But reality intrudes. Databases need to keep data. File servers store files. Applications have local caches that matter.
Volumes solve this by decoupling storage from container lifecycle. The volume exists independent of any container. Delete the container, the volume persists. Create a new container, mount the same volume, and your data is there.
+------------------+ +------------------+
| Container A | | Container B |
| /data --------+------+--> /data |
+------------------+ +------------------+
| |
+------+------------------+------+
| Volume |
| (postgres_data) |
+-------------------------------------+
This separation also enables interesting patterns: multiple containers sharing the same data, backup strategies that do not interrupt running applications, and storage that travels with the application.
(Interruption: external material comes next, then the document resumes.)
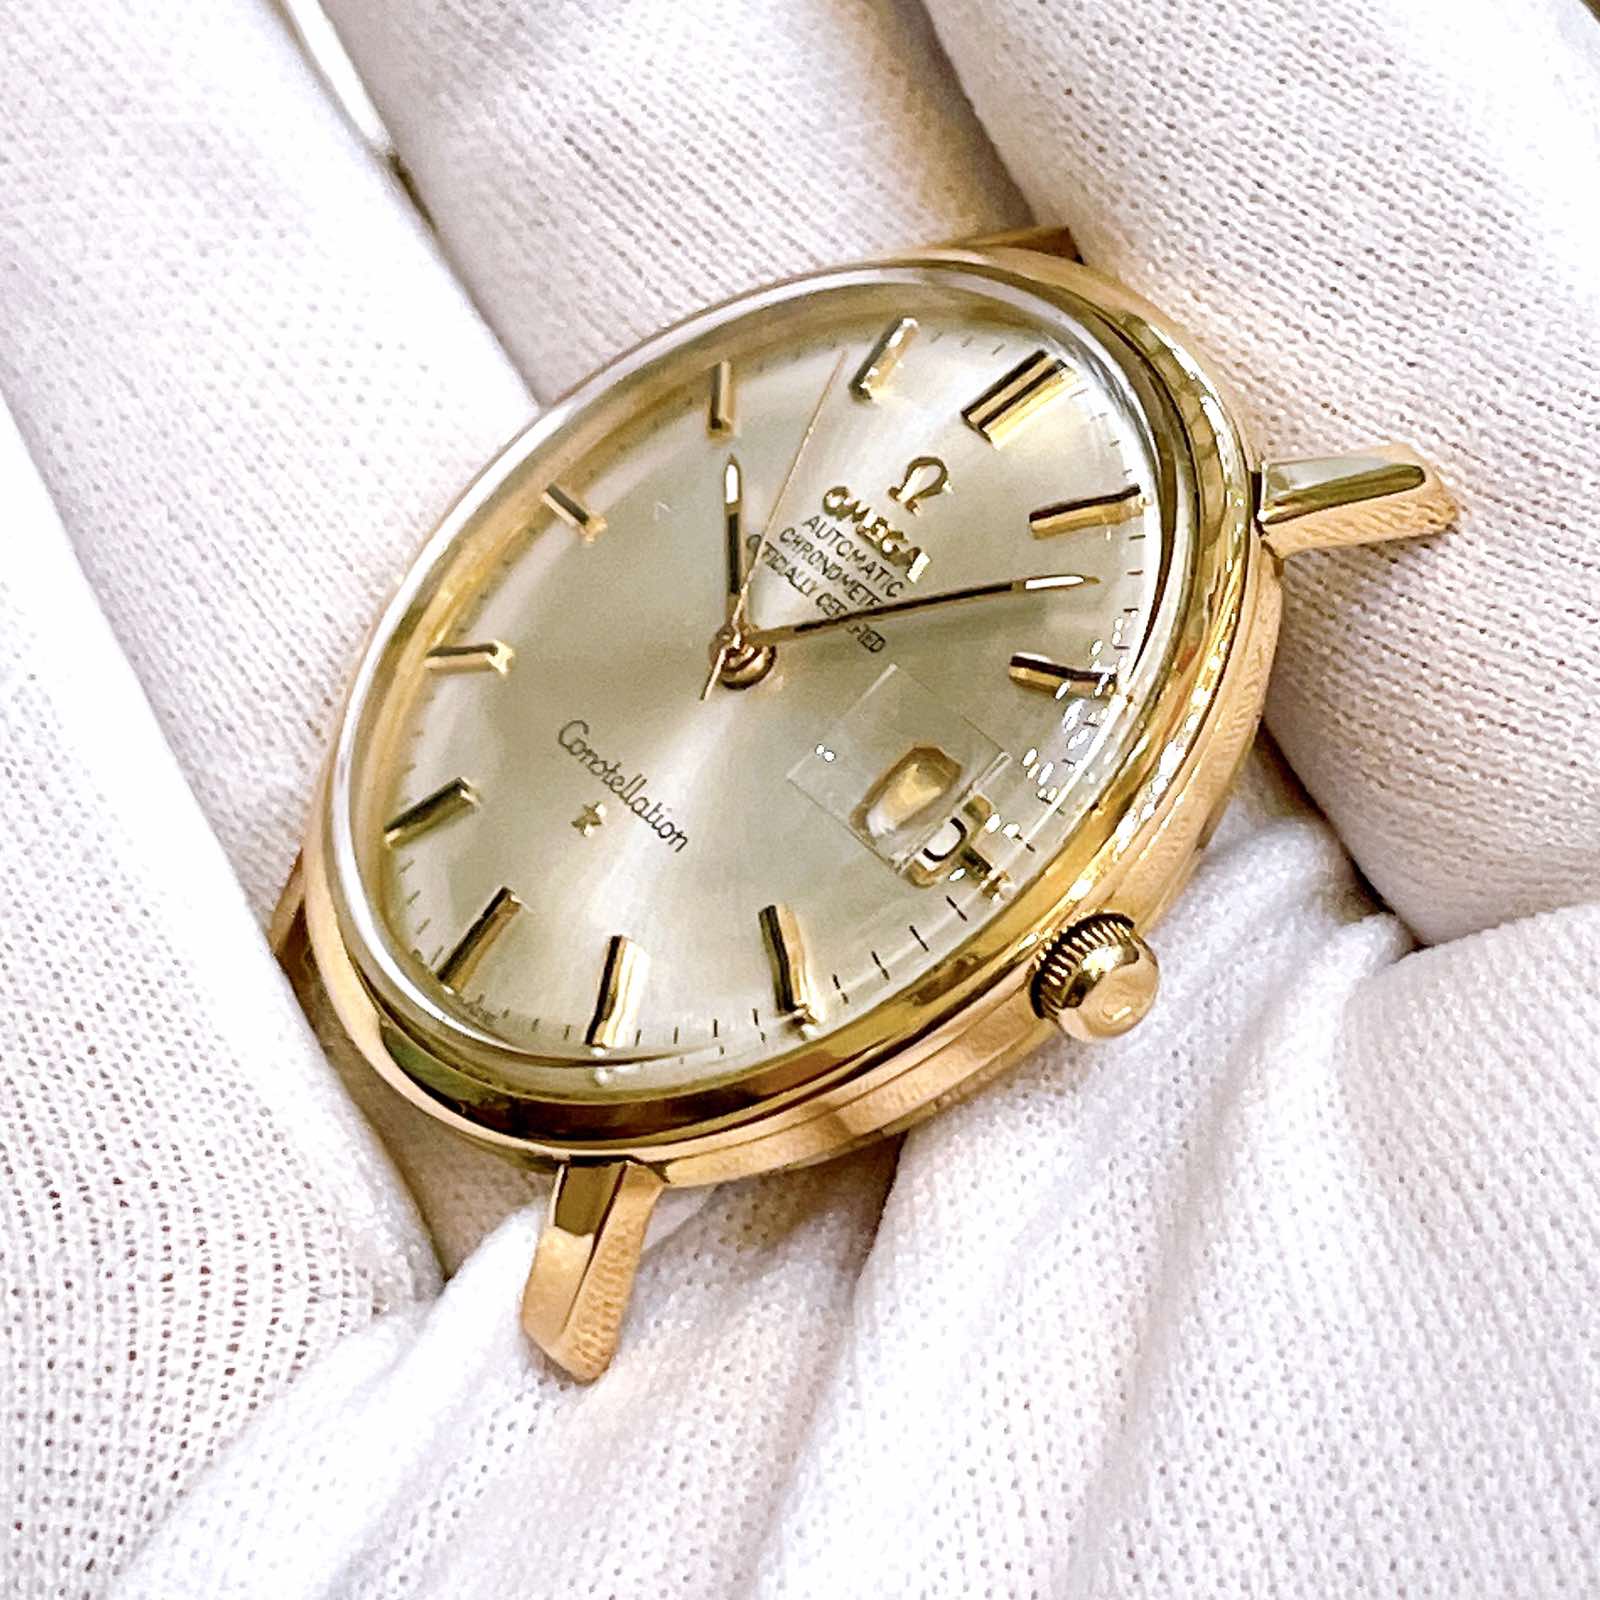 Đồng hồ cổ Omega Constellation Automatic vàng đúc đặc 18k nguyên khối chính hãng thụy Sĩ 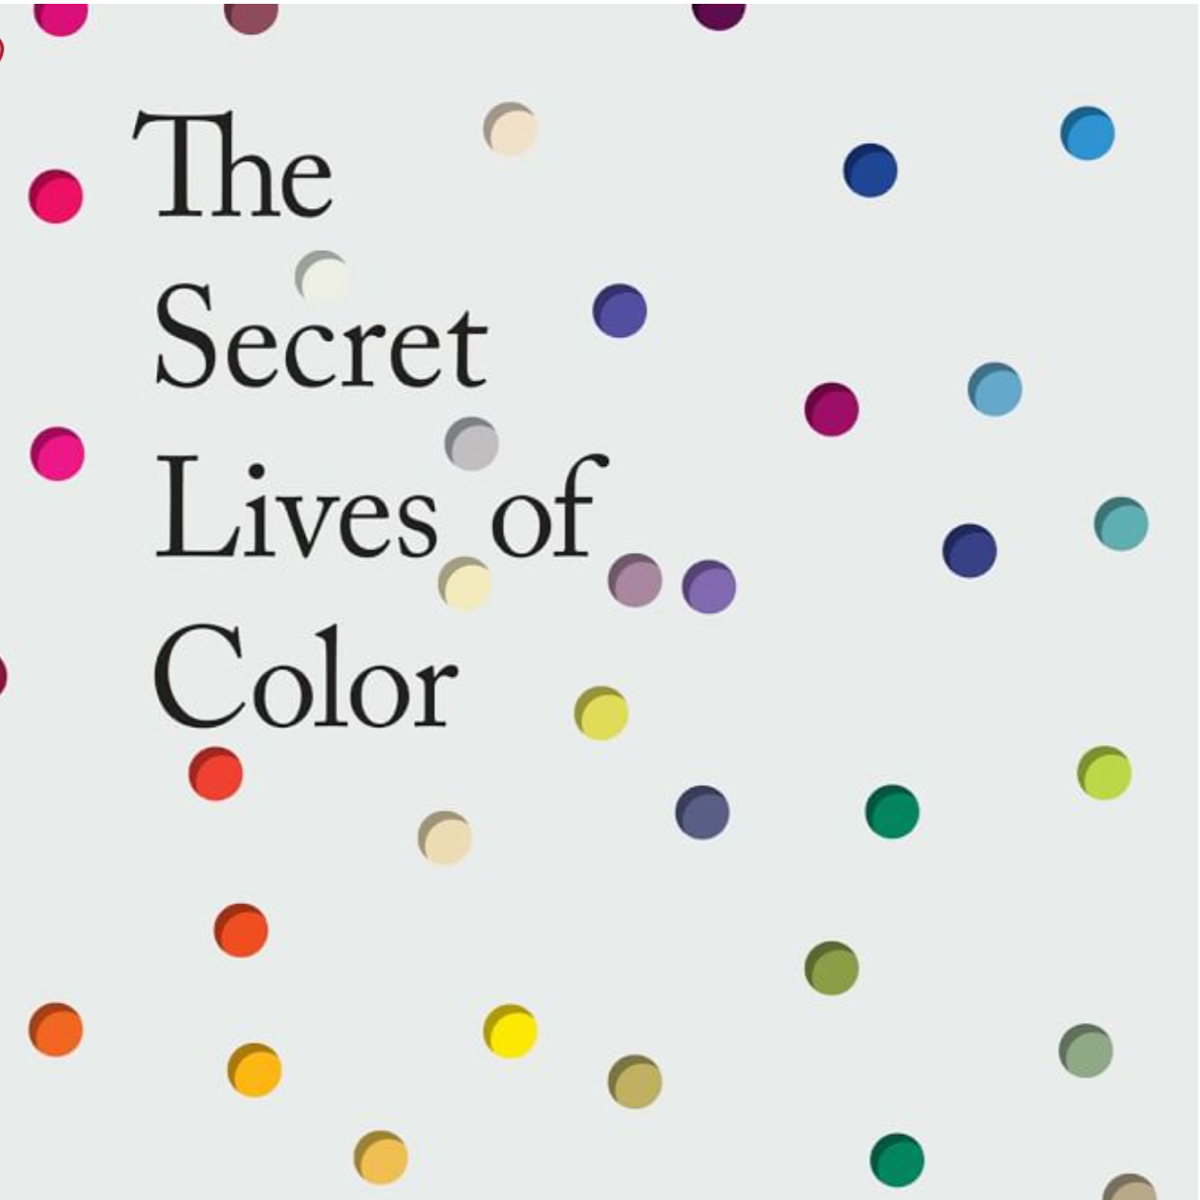 The Secret Lives of Colors

When to Use Each Mount Type
Choose the right mount type based on your requirements:
Use named volumes when:
- You need persistent data that survives container deletion
- You want Docker to manage storage location and backups
- Portability across hosts matters (volumes work identically on any Docker host)
- You are running databases, caches with persistence, or any stateful application
Use bind mounts when:
- You need development code hot-reload (edit files on host, see changes in container)
- You need to expose host configuration files or certificates
- Performance is critical and you accept the host dependency
Use tmpfs when:
- You are handling sensitive data that should never touch disk
- You need temporary processing space for high-speed operations
- You want data to disappear automatically when the container stops
Types of Mounts
Docker provides three types of mounts, each with different use cases.
Named Volumes
Named volumes are the recommended approach for most persistent data. Docker manages the storage location and provides features like backup and migration.
# Create a volume
docker volume create my_data
# Run a container with the volume
docker run -d \
-v my_data:/var/lib/postgresql/data \
postgres:15-alpine
In Docker Compose:
services:
db:
image: postgres:15-alpine
volumes:
- postgres_data:/var/lib/postgresql/data
volumes:
postgres_data:
Docker creates the volume automatically if it does not exist. You can also explicitly define it to set drivers, labels, or other options.
Bind Mounts
Bind mounts map a specific host directory into the container. The host path must exist before you start the container.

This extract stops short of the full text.